In Russia, the voters should have known it was too late years ago. Putin, who said he would not run for a third term, has been dismantling democratic institutions and consolidating power for years.

One of the most egregious examples has been the snuffing out of opposition political parties through registration laws. Parties now must have 50,000 members, a 400% increase beyond the previous benchmark, and gather 200,000 signatures to run.

The 11 parties that remained for Sunday's election for the lawmaking 450-seat Duma body could not stand up to Putin's United Russia party. A change in law that requires parties to take at least 7% of the national vote to gain seats — the previous threshold was 5%, the standard in many traditional multiparty nations — virtually shut out all but Putin's party and the Communist party.

The official tally indicates Putin's party took more than 64%, but who knows what the real total is? Votes were counted not by the Central Electoral Commission, which, though pro-Putin, was apparently not pro enough.

The task was actually handed over to the "special working group," insiders who are exclusively "members of the United Russia party," as the Cato Institute's Andrei Illarionov, a former top economic adviser to Putin, has pointed out.

Given the events leading up to election, there's reason to believe the true vote was closer.

But the election was fixed long before the counters sifted through the ballots. Besides making it nearly impossible for opponents to mount a challenge at the polls, Putin engaged in a systematic intimidation and elimination of dissent on the streets.

As recently as the weekend before the election the government was still putting a chill on the process. On Nov. 25, riot police detained two potential presidential candidates in St. Petersburg; more than 200 other opposition protesters were held as well.

A day earlier, former world chess champion Garry Kasparov, a harsh critic of Putin, was arrested during a protest in Moscow and sentenced to five days in jail.

"Millions of copies of literature from opposition parties have been confiscated and destroyed," Illarionov noted. "There was a massive campaign to harass, beat and terrorize members of the political opposition."

For Kasparov and the other victims of the crackdown, the experience is surely a painful reminder of the rigged Soviet elections they thought were left behind after the Soviet Union fell.

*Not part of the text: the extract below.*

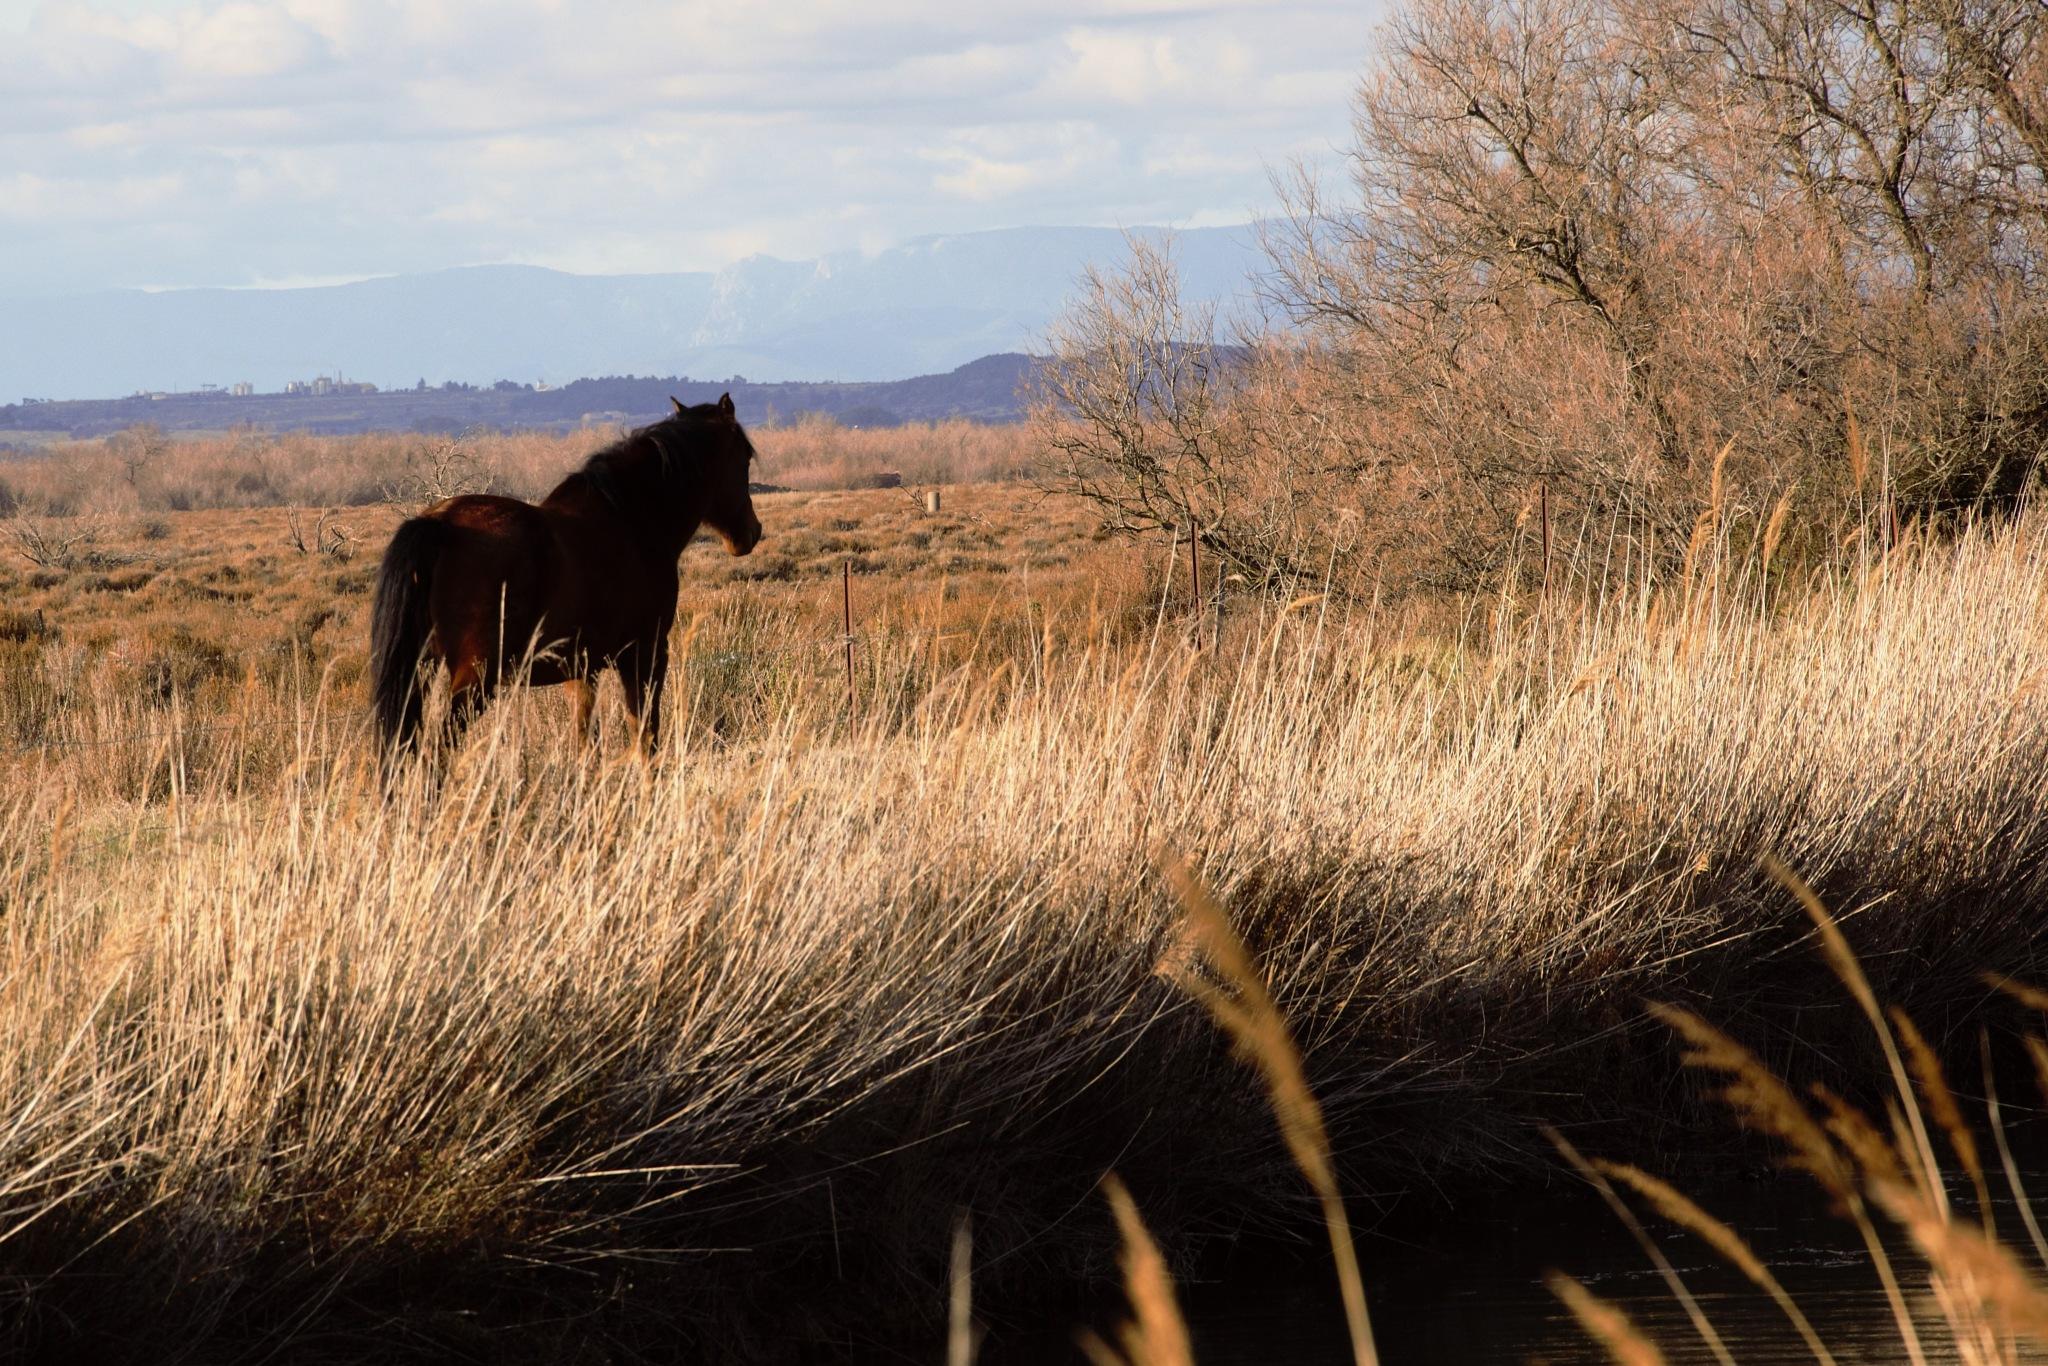 le cheval by rogervande17

These are not conditions conducive to the spread of freedom. Neither is the self-perpetuation of a regime that refuses to walk away when its time is over. Those capable of flouting foundational law will have no trouble rolling back liberty when it suits them.

The effects of Putin's political power grab go beyond Russia. It will further strain Washington-Moscow relations, which have deteriorated through the years as Putin has grown more belligerent and unnecessarily nationalistic.

Ultimately, though, Putin is Europe's problem. The leaders of Great Britain, France and Germany need to muster the courage to pressure Putin to step away from his ambitions. If not, a lethal poison inevitably will leak West.